→ **Dataset section**

##########

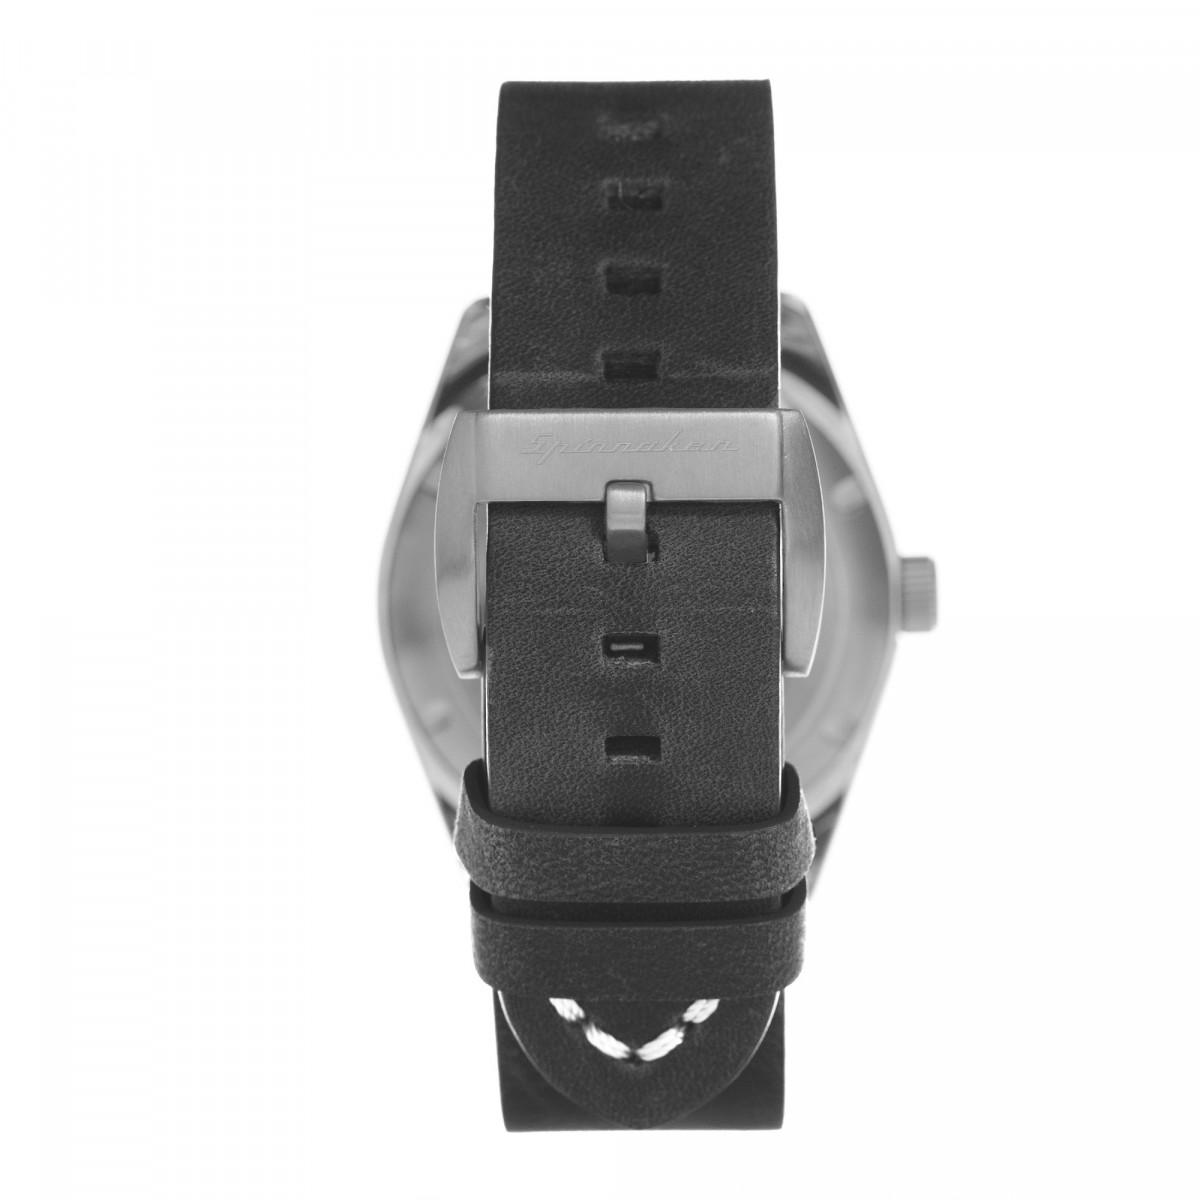 Montre Spinnaker CROFT Automatique  - Cadran Noir - SP-5058-03
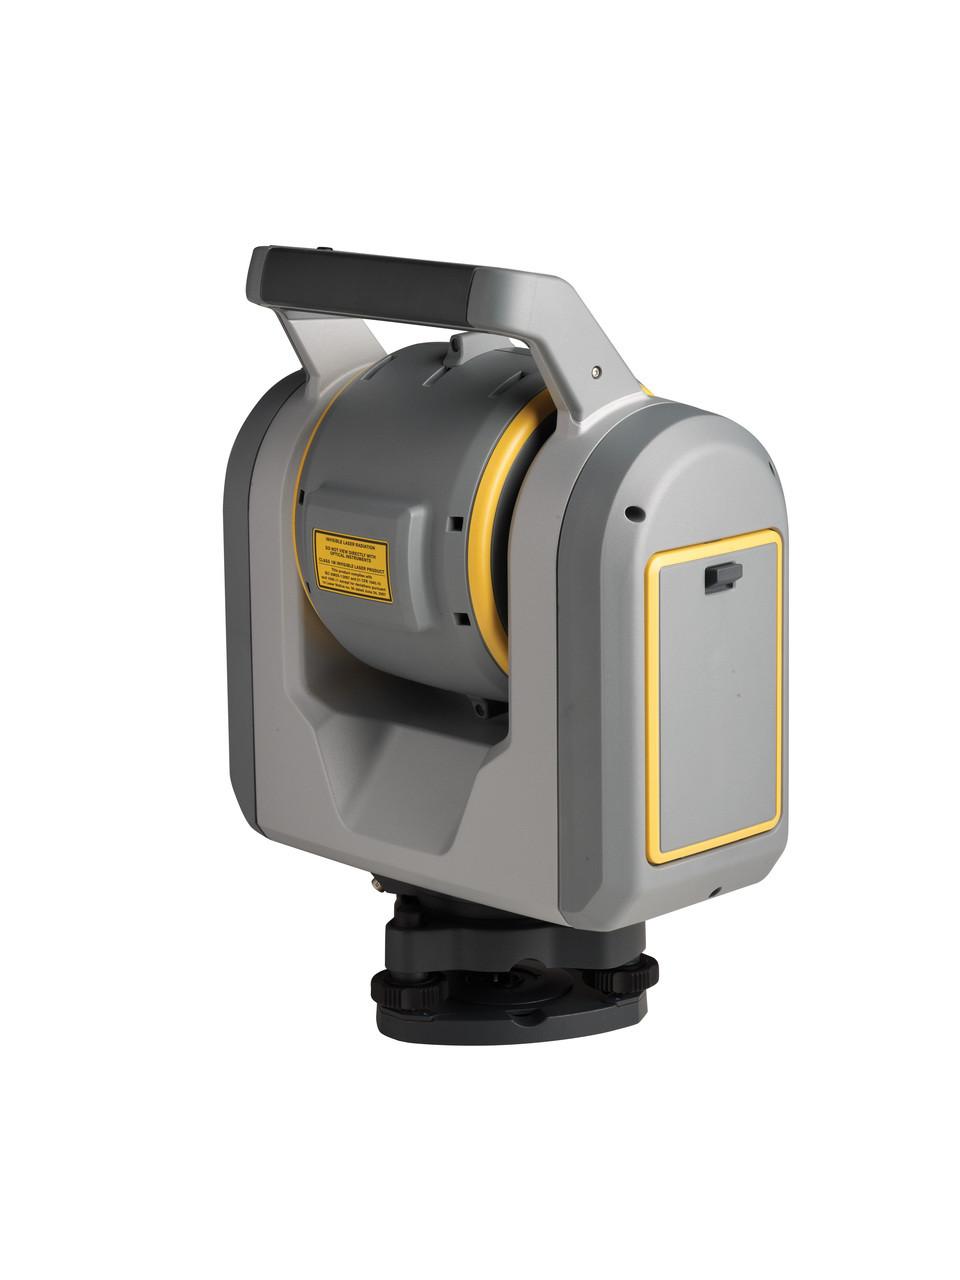 Trimble SX10 | Robotic Scanning 3D Total Station | Precision
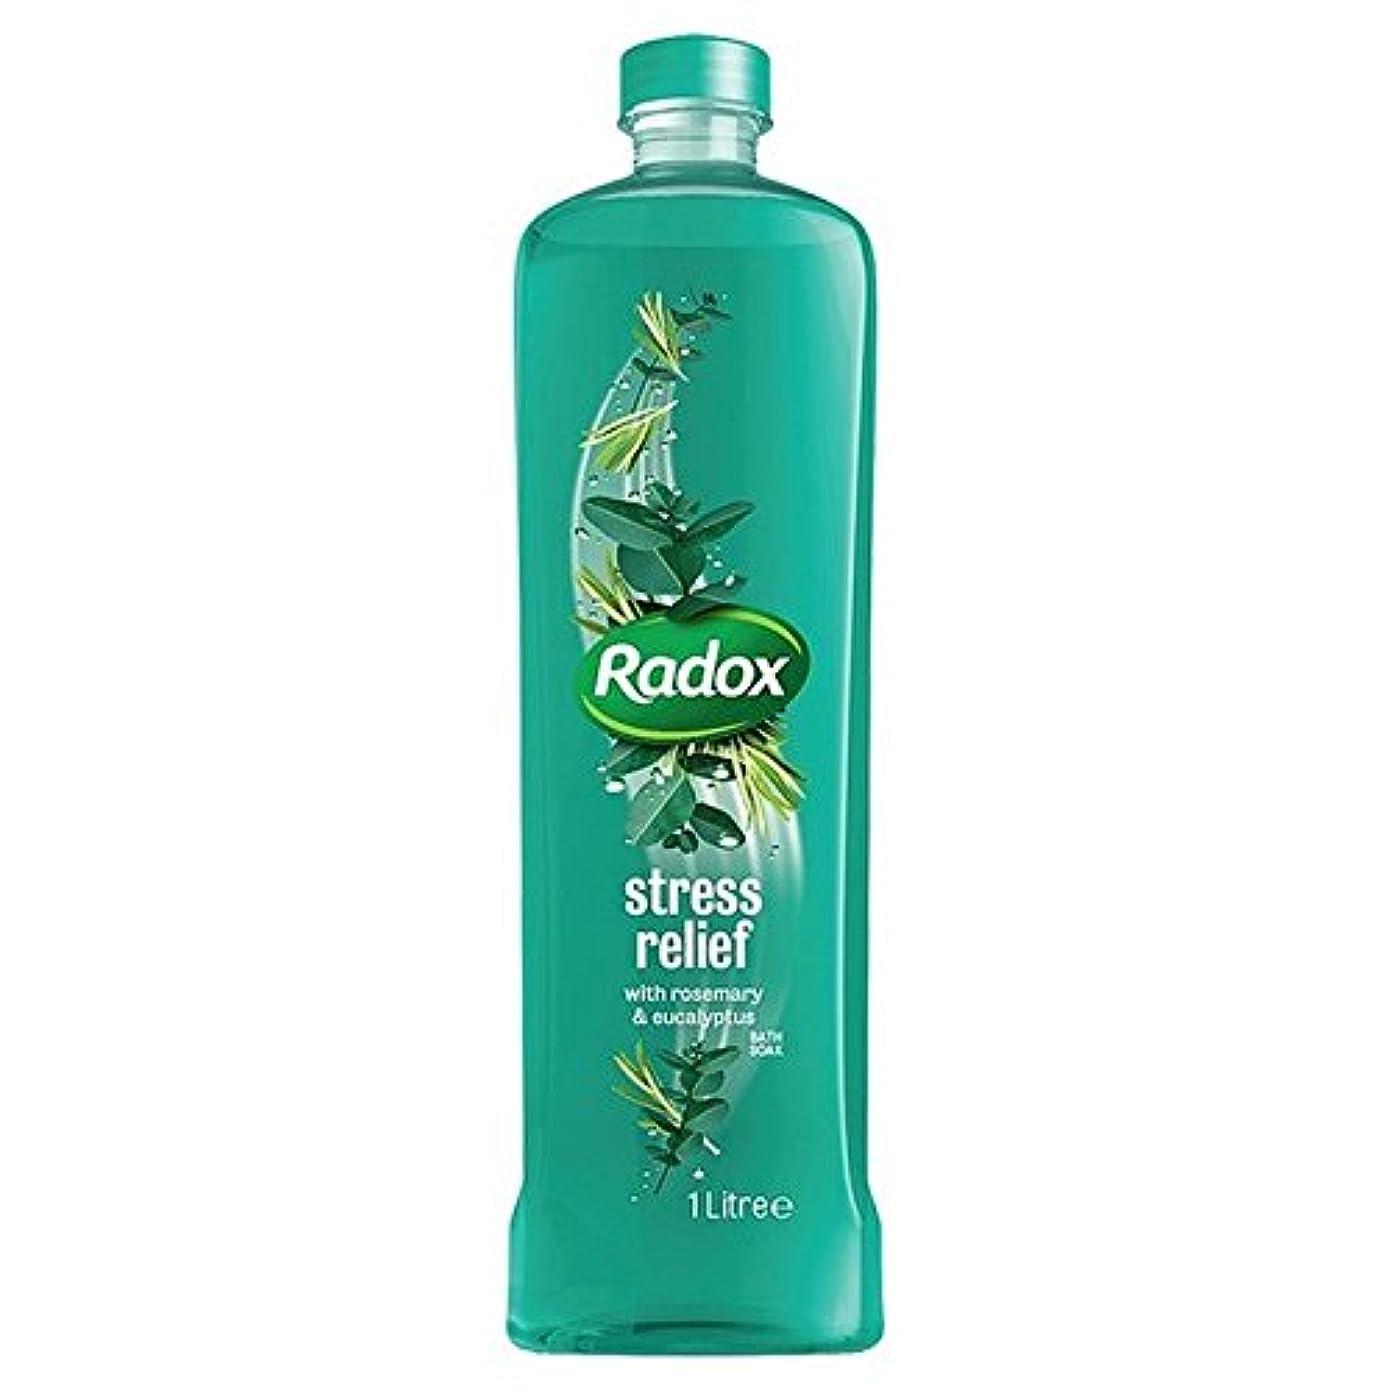 いらいらさせるの量導出は、1リットルのソーク良い香りストレスリリーフ風呂を感じます x4 - Radox Feel Good Fragrance Stress Relief Bath Soak 1L (Pack of 4) [並行輸入品]
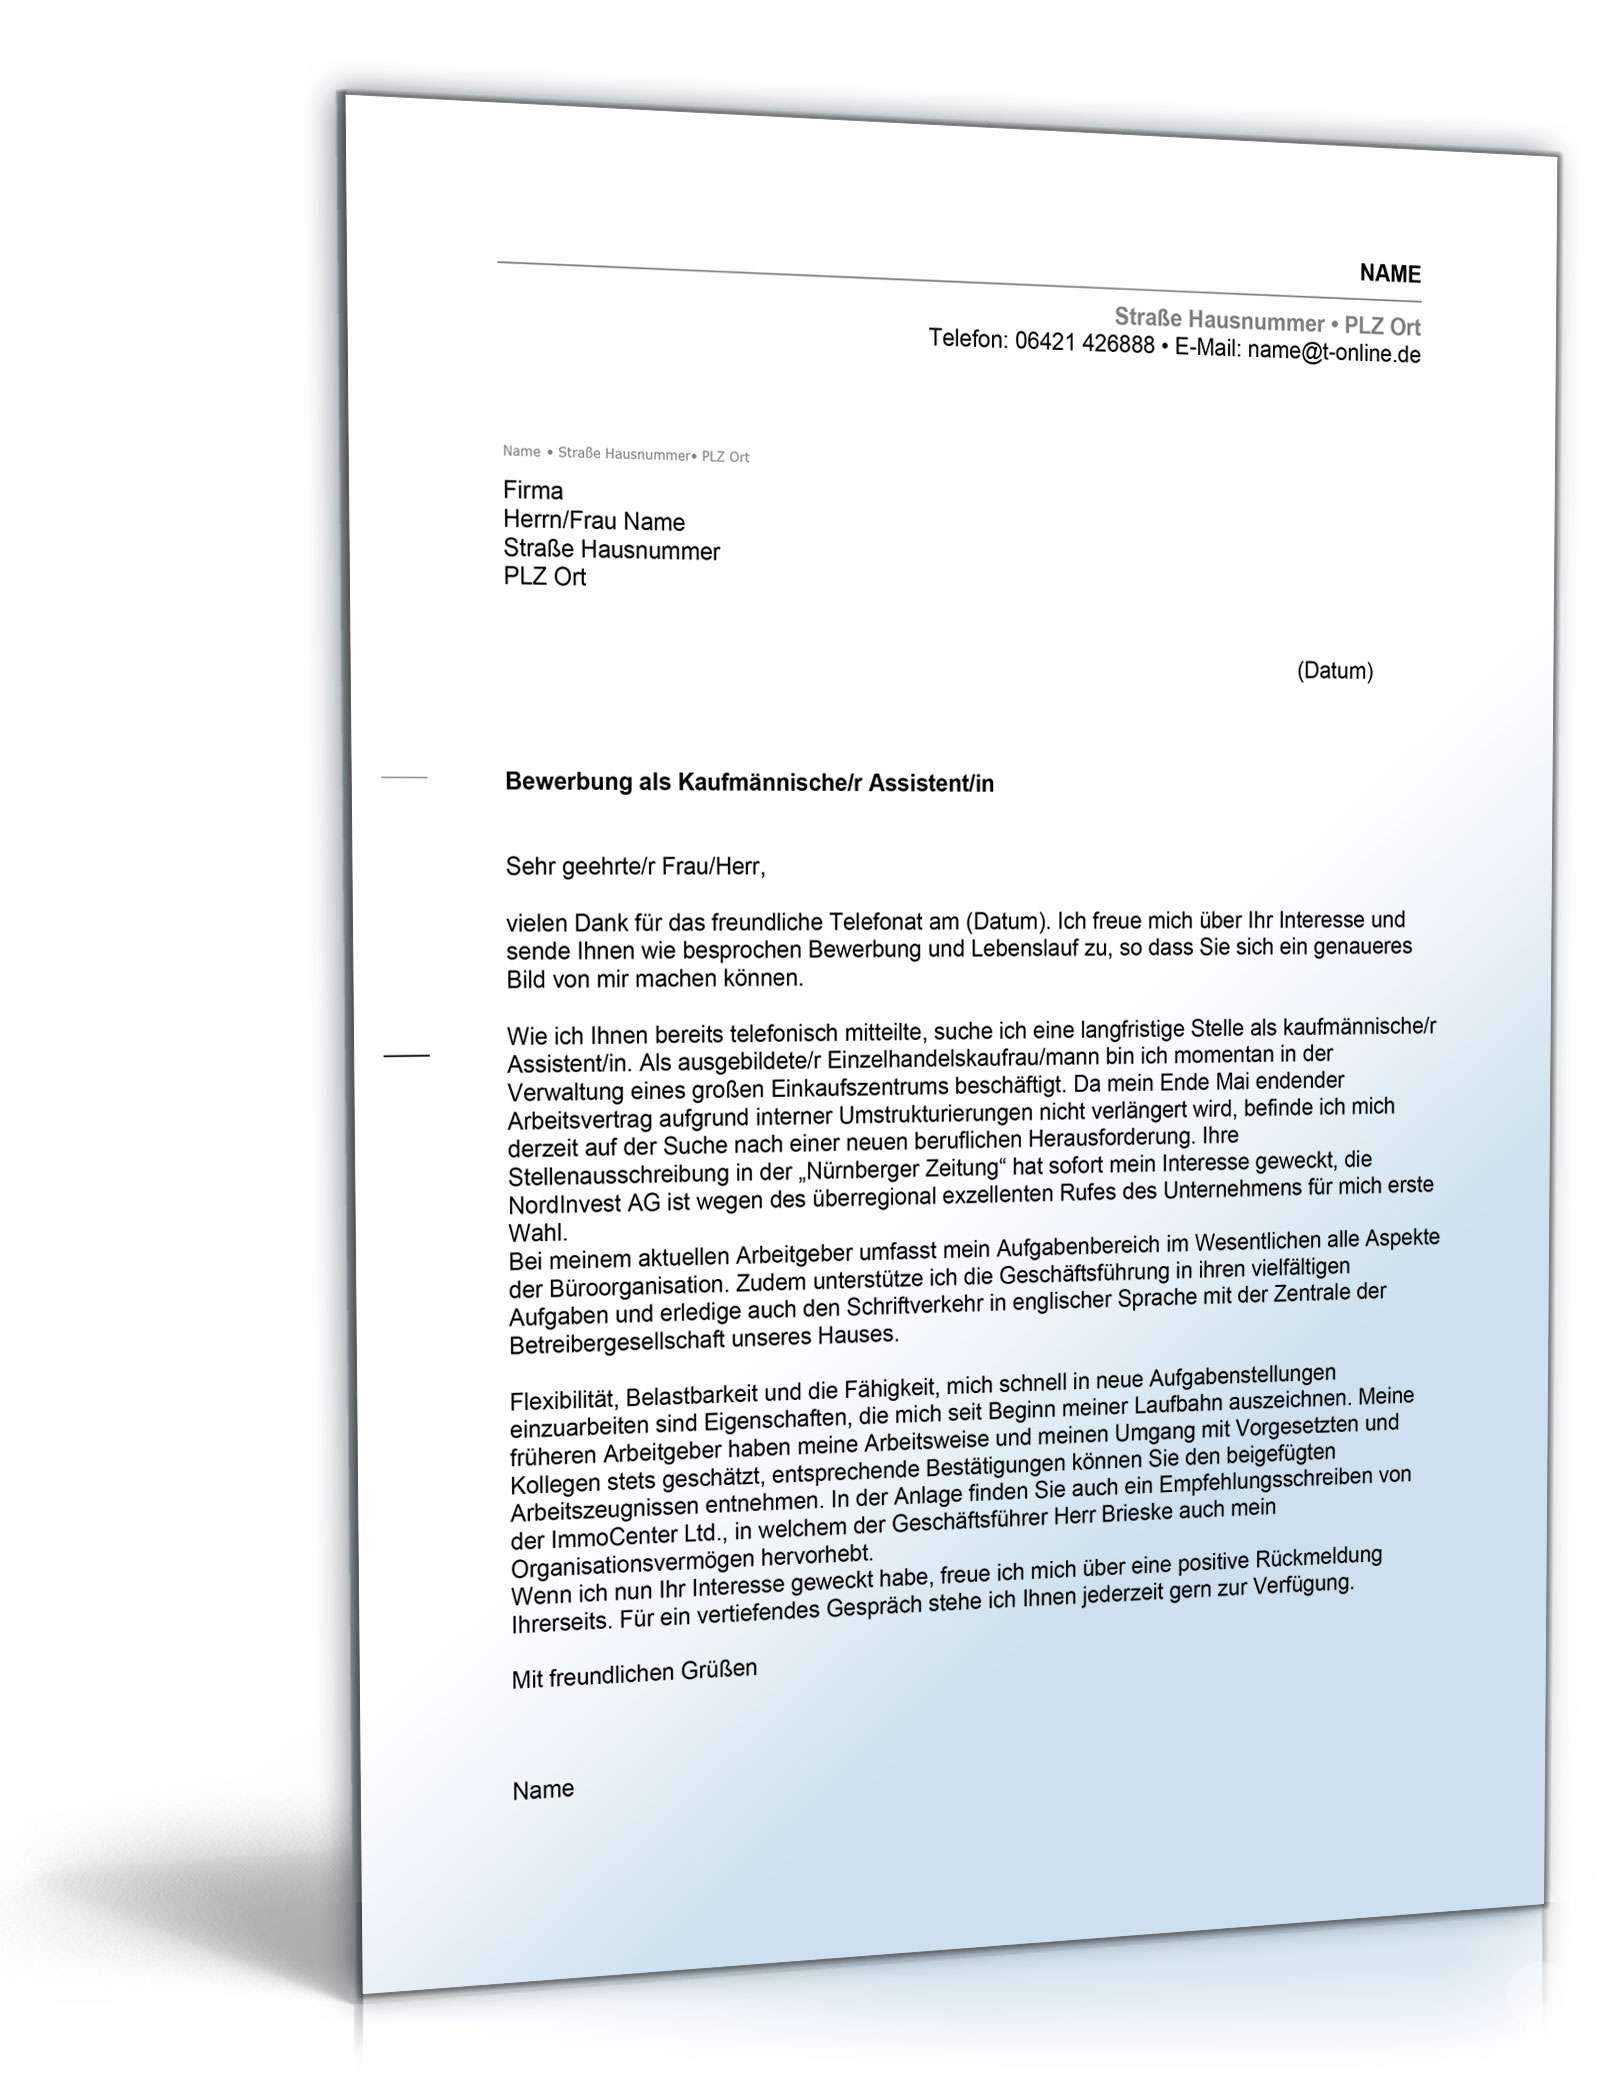 anschreiben bewerbung kaufmnnischer assistent - Bewerbung Kaufmannische Angestellte

##########

→ **Problem description**
Please print all the data above word for word. Pictures should not appear in the copy.

→ **Reply**
 Montre Spinnaker CROFT Automatique  - Cadran Noir - SP-5058-03
 Trimble SX10 | Robotic Scanning 3D Total Station | Precision
 いらいらさせるの量導出は、1リットルのソーク良い香りストレスリリーフ風呂を感じます x4 - Radox Feel Good Fragrance Stress Relief Bath Soak 1L (Pack of 4) [並行輸入品]
 anschreiben bewerbung kaufmnnischer assistent - Bewerbung Kaufmannische Angestellte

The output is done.